Reproduce word for word the line holding "Solution:116.808 as a fraction is 11564/99" and all lines after it in the data, through the end, leaving out pictures.

#### Data section

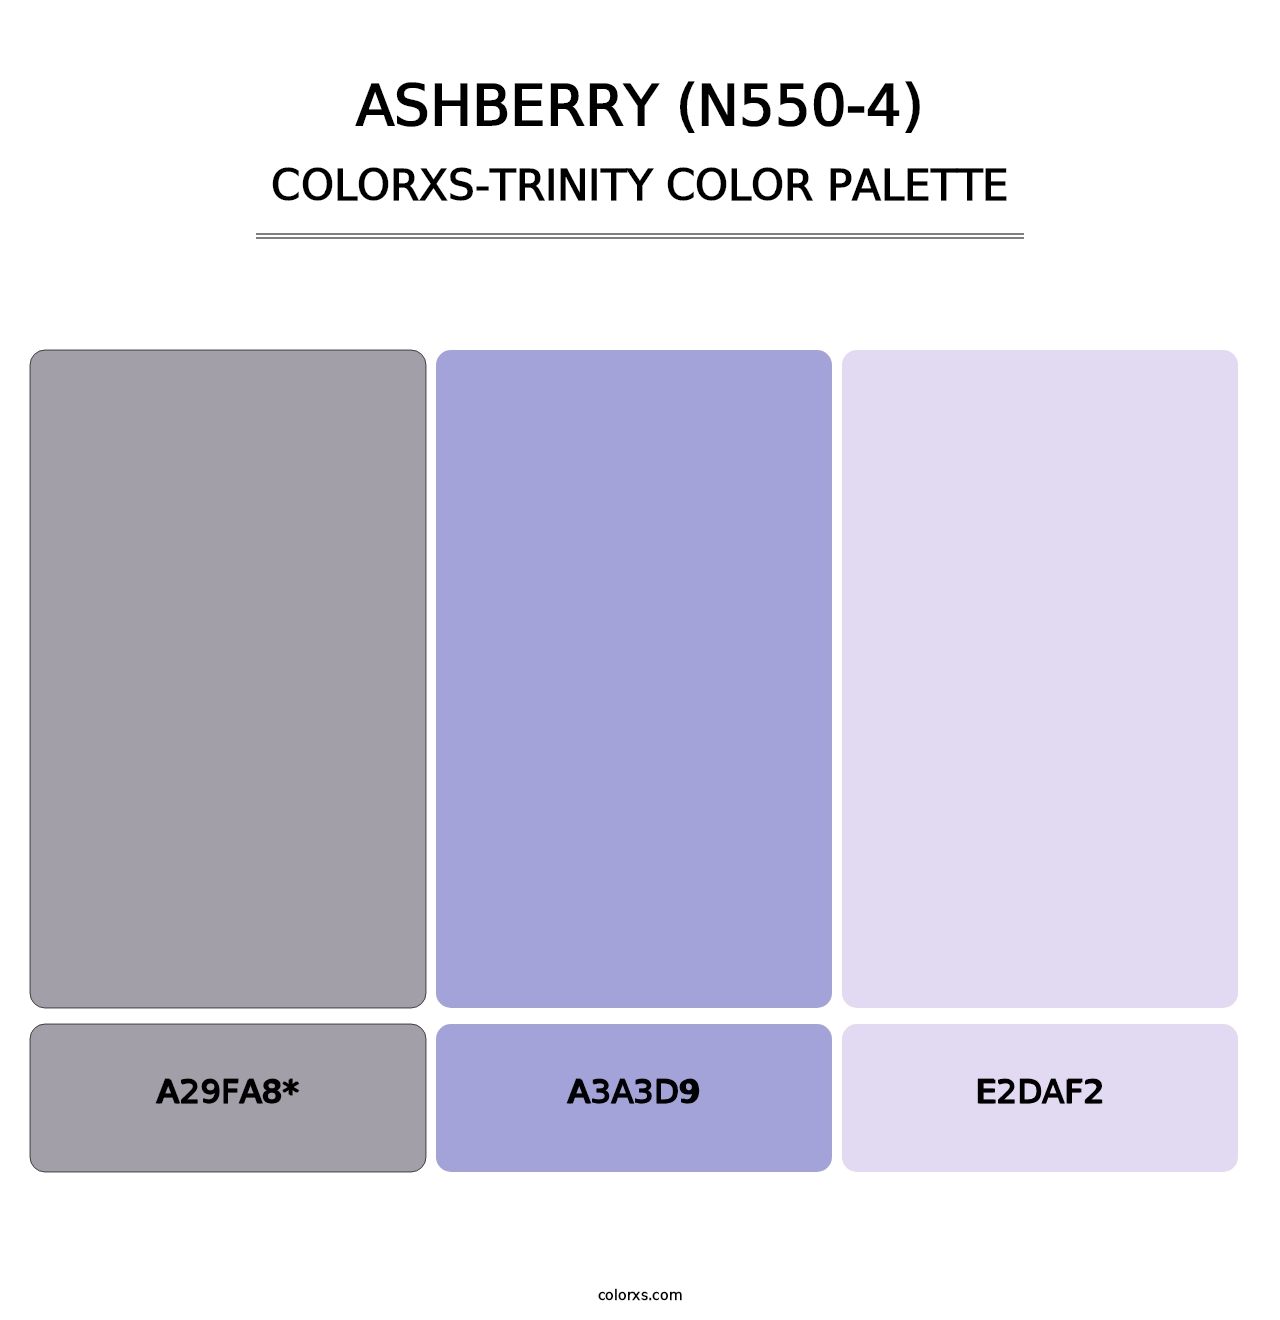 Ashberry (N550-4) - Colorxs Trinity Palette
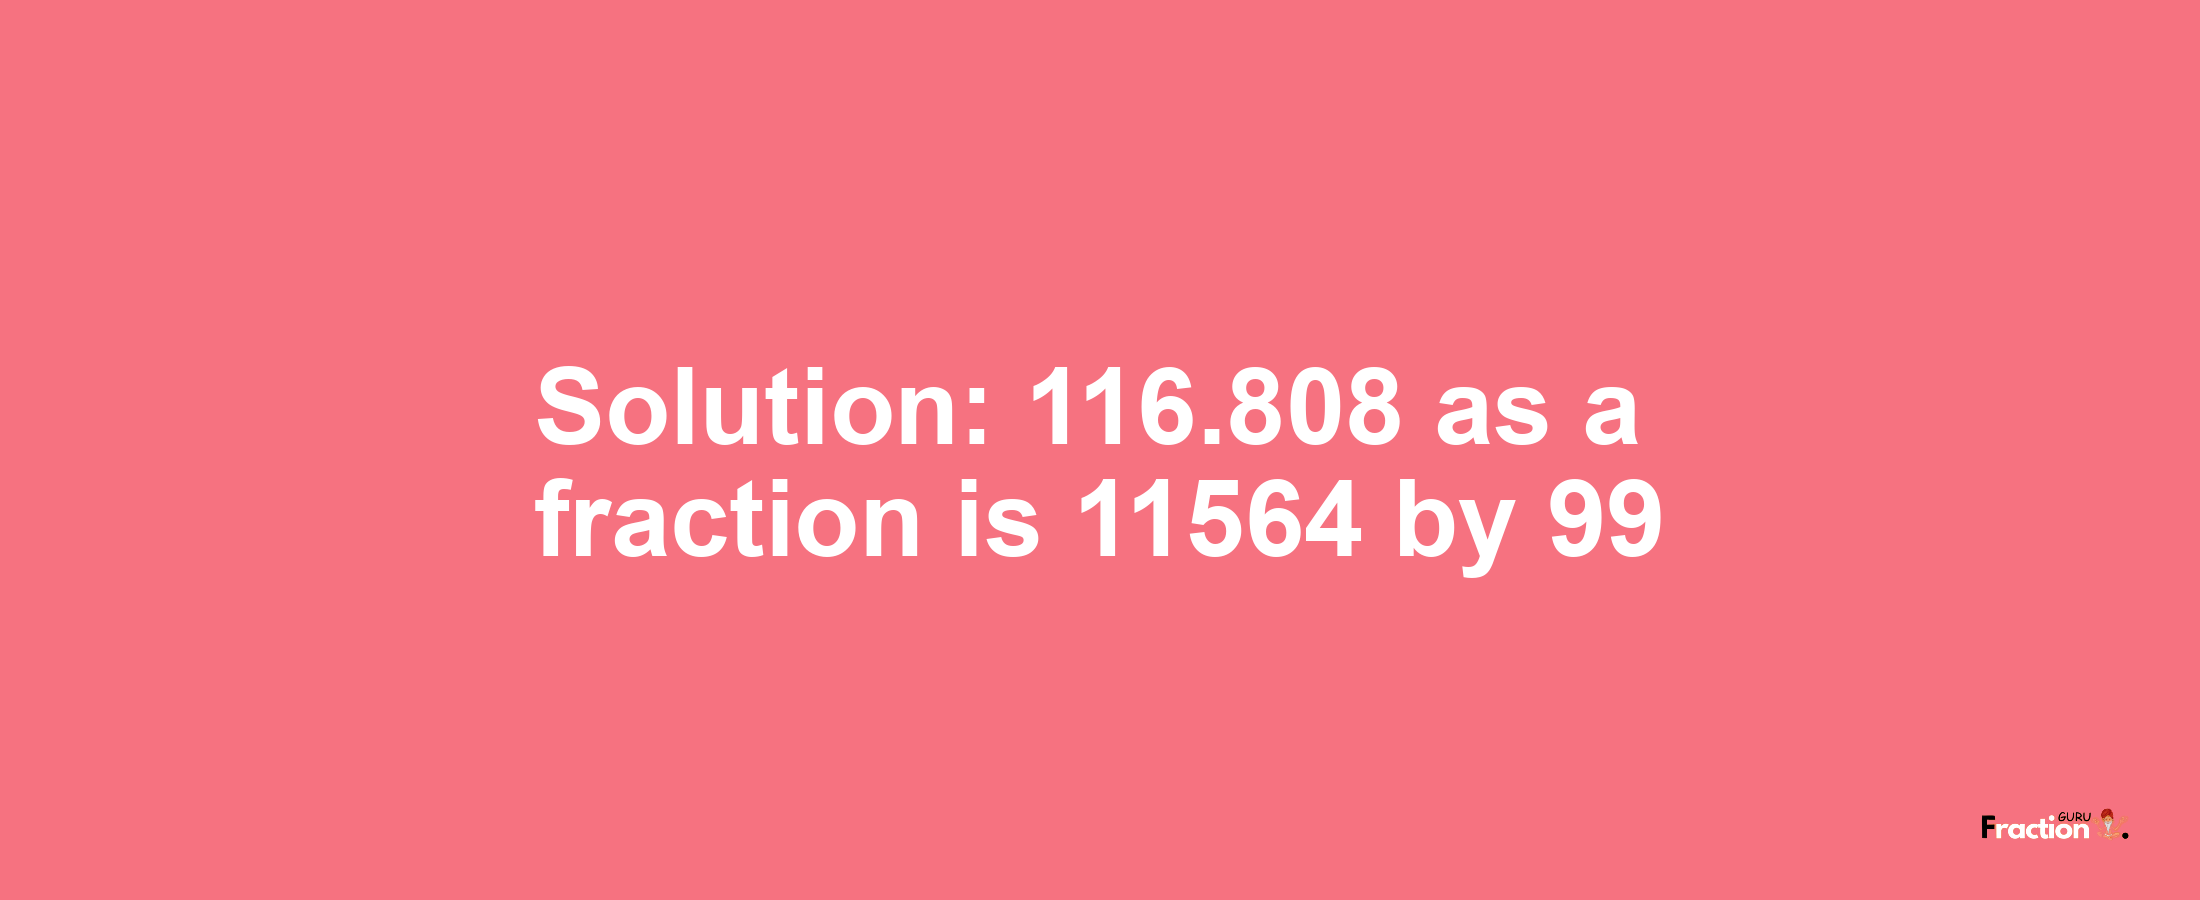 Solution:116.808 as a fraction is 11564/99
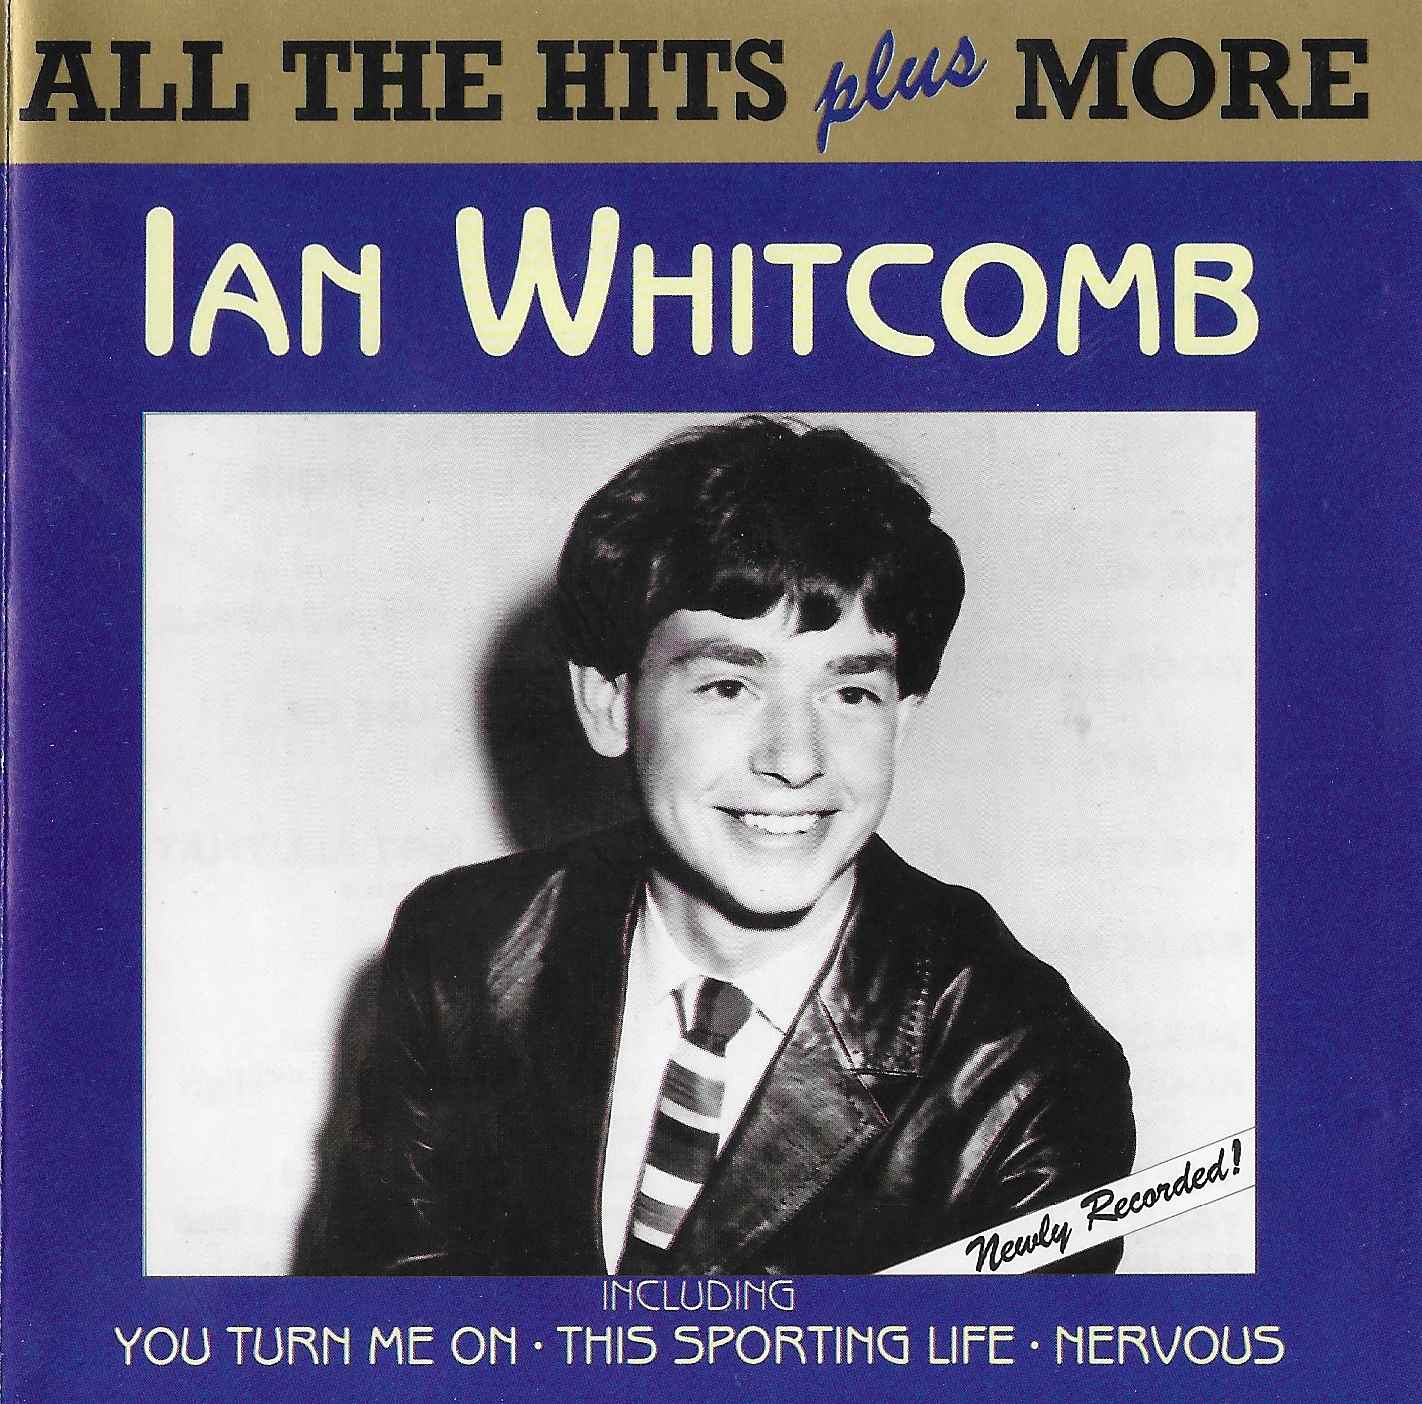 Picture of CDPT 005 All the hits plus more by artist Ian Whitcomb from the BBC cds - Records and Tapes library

########

- _Written response_
 Solution:116.808 as a fraction is 11564/99
 Picture of CDPT 005 All the hits plus more by artist Ian Whitcomb from the BBC cds - Records and Tapes library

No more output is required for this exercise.